Running the WT network through the model is the preliminary testing and analysis of the code/GRNmap and its output for this semester. We hope to get consistent results and comparable LSE/minLSE for all strains before moving on to testing the random networks that will be generated through Brandon's R script. These networks that will be run will then be compared to our database-derived network. For that reason, we hope to get consistent results for the various runs we will do for each database-derived strain network.

Discuss the results of the test with regards to the stated purpose. Additionally, answer the relevant questions below:
- Examine the graphs that were output by each of the runs. Which genes in the model have the closest fit between the model data and actual data? Which genes have the worst fit between the model and actual data? Why do you think that is? (Hint: how many inputs do these genes have?) How does this help you to interpret the microarray data?
- Overall, the model appears to model the dynamics for each gene better. In this statement, I mean that instead of just seeing two lines - where three strains are modeled by one and two by the other - the model of the strains appears independent of each other and has its own respective dynamics. The genes with the best fit are - ASF1, ASH1 except for the dCIN5 model, GCN4, GLN3, HAP4 - except for dGLN3 model, and YHP1. The genes with poor fit are YOX1 overall and the wt strain for ZAP1. I would not say that other genes have great fits or poor fits because when looking at their data points, there is a large difference between some of the expression data at specific time points. I believe the model was doing its best to navigate itself through all the points.
- Which genes showed the largest dynamics over the timecourse? In other words, which genes had a log fold change that is different than zero at one or more timepoints. Does this seem to have an effect on the goodness of fit (see question above)?

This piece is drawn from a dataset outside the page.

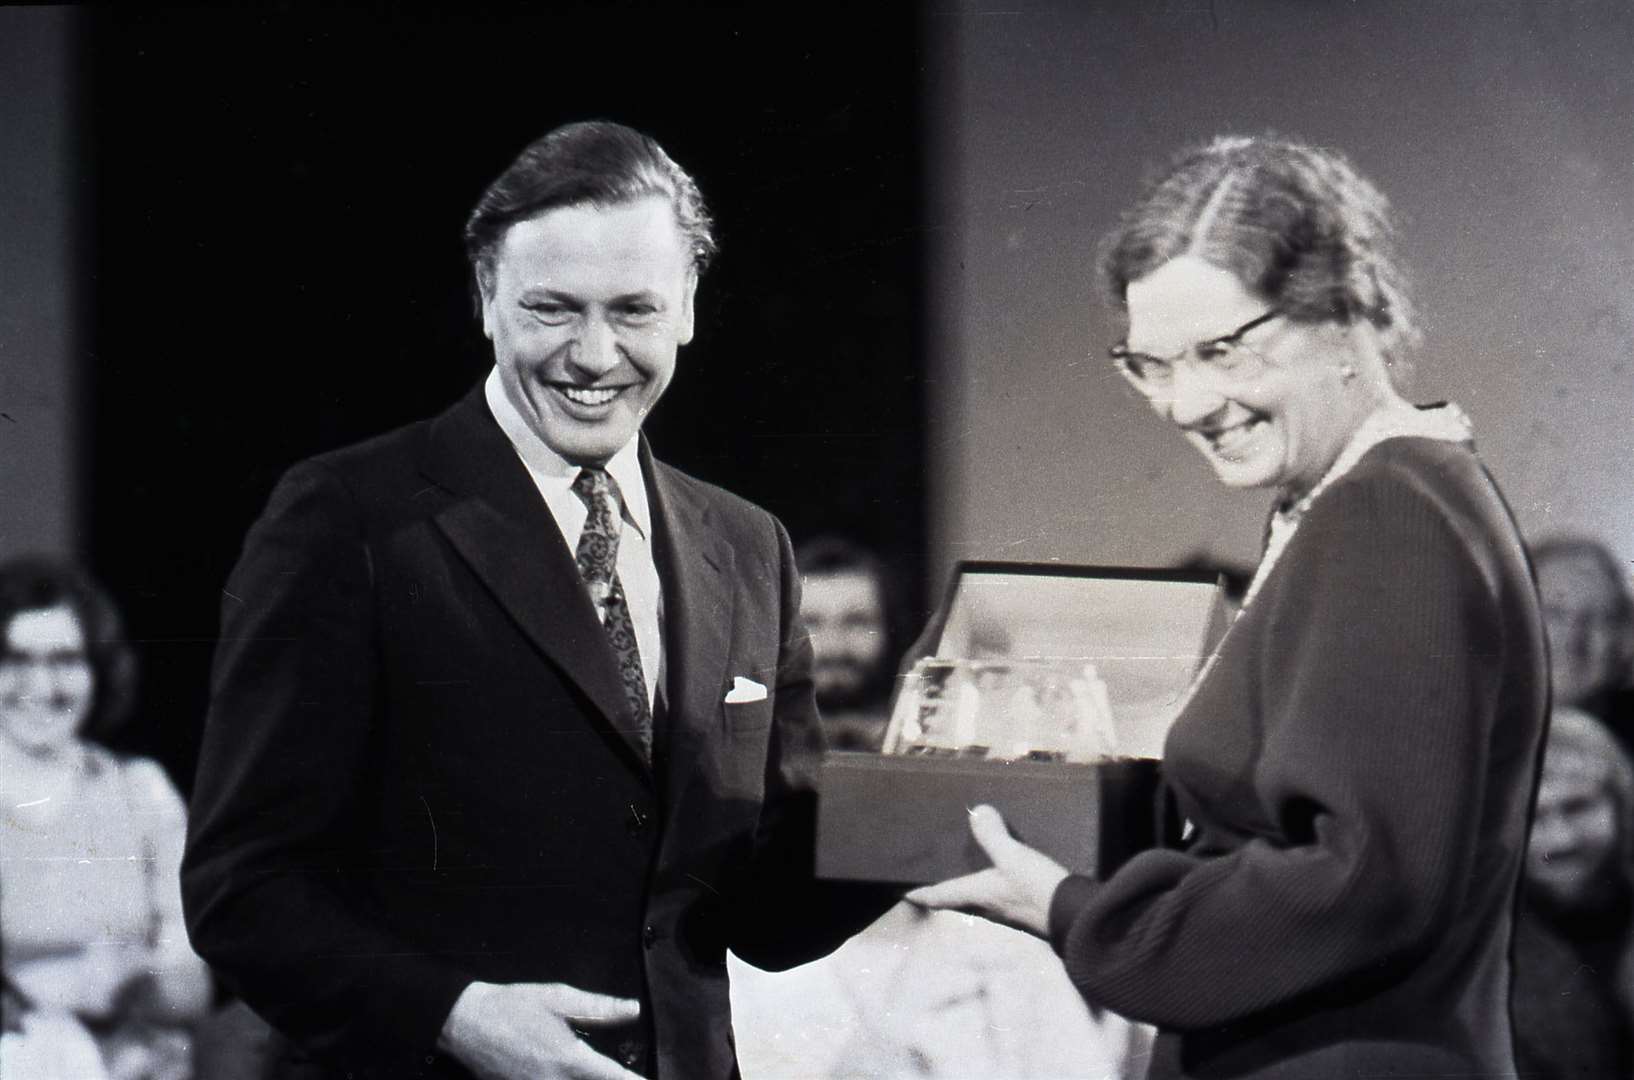 Nancy Wilkinson, the first champion, receiving the trophy from David Attenborough who at that time was director of programmes at the BBC. Picture: BBC

- The following genes showed dynamics greater than or equal to one log fold change:
  - ABF1 went from 0 to -1 within the 60 minutes. However, the fit for the data is not the best, but that is due to the wide range of data points for each individual strain type (wt vs. dCIN5 vs. dGLN3 etc.). The model overlays all of the strains under the dZAP1 model curve.

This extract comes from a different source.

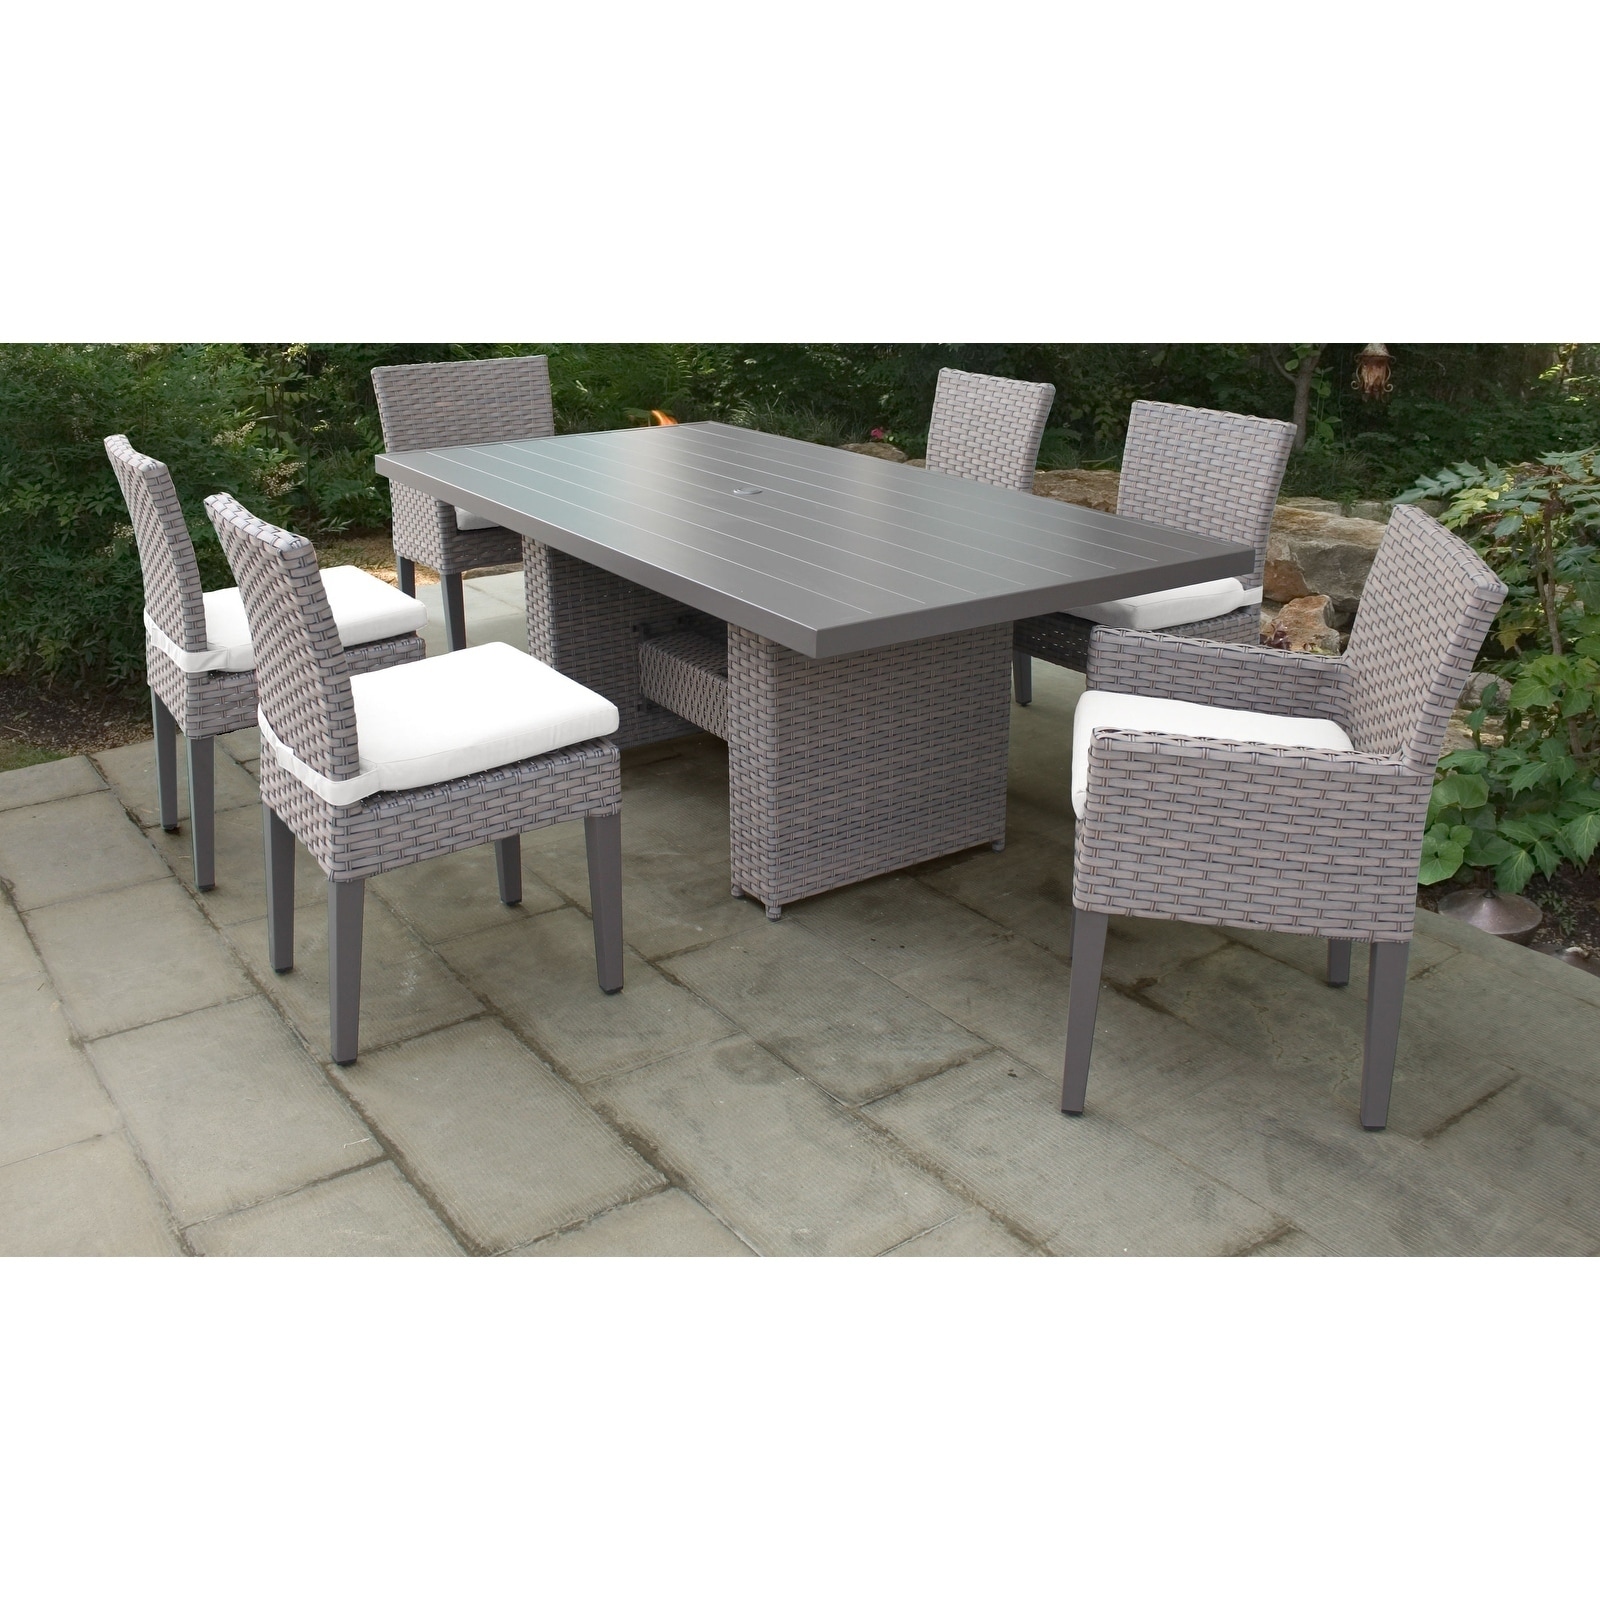 Monterey Rectangular Outdoor Patio Dining Table With 4 Armless Chairs And 2 Chairs W/ Arms

  - AFT2 goes from 0 to 1.There is a difference between two identifiable strains (dHMO1 and dZAP1). These dynamics are for dZAP1 and most likely wt. The data points for dCIN5 and dHMO1 are not ly spread, but also see a general decrease. The data points of dHAP4 show high log fold expression changes for 15 and 30 minutes, but decreases at 60 minutes.
  - ASH1 is from 0 to -1 for the dHAP4 model. The model fits the data points for dHAP4 well and follows the general trends. The model for dCIN5 is overlaid with another strain model, and its data points suggest that there is a drop in expression compared to all other strains. Yet. there is no distinction between the other models (wt and dGLN3) and the dCIN5 model. Further, the fit of the dZAP1 model does not fit the 15 minute time point.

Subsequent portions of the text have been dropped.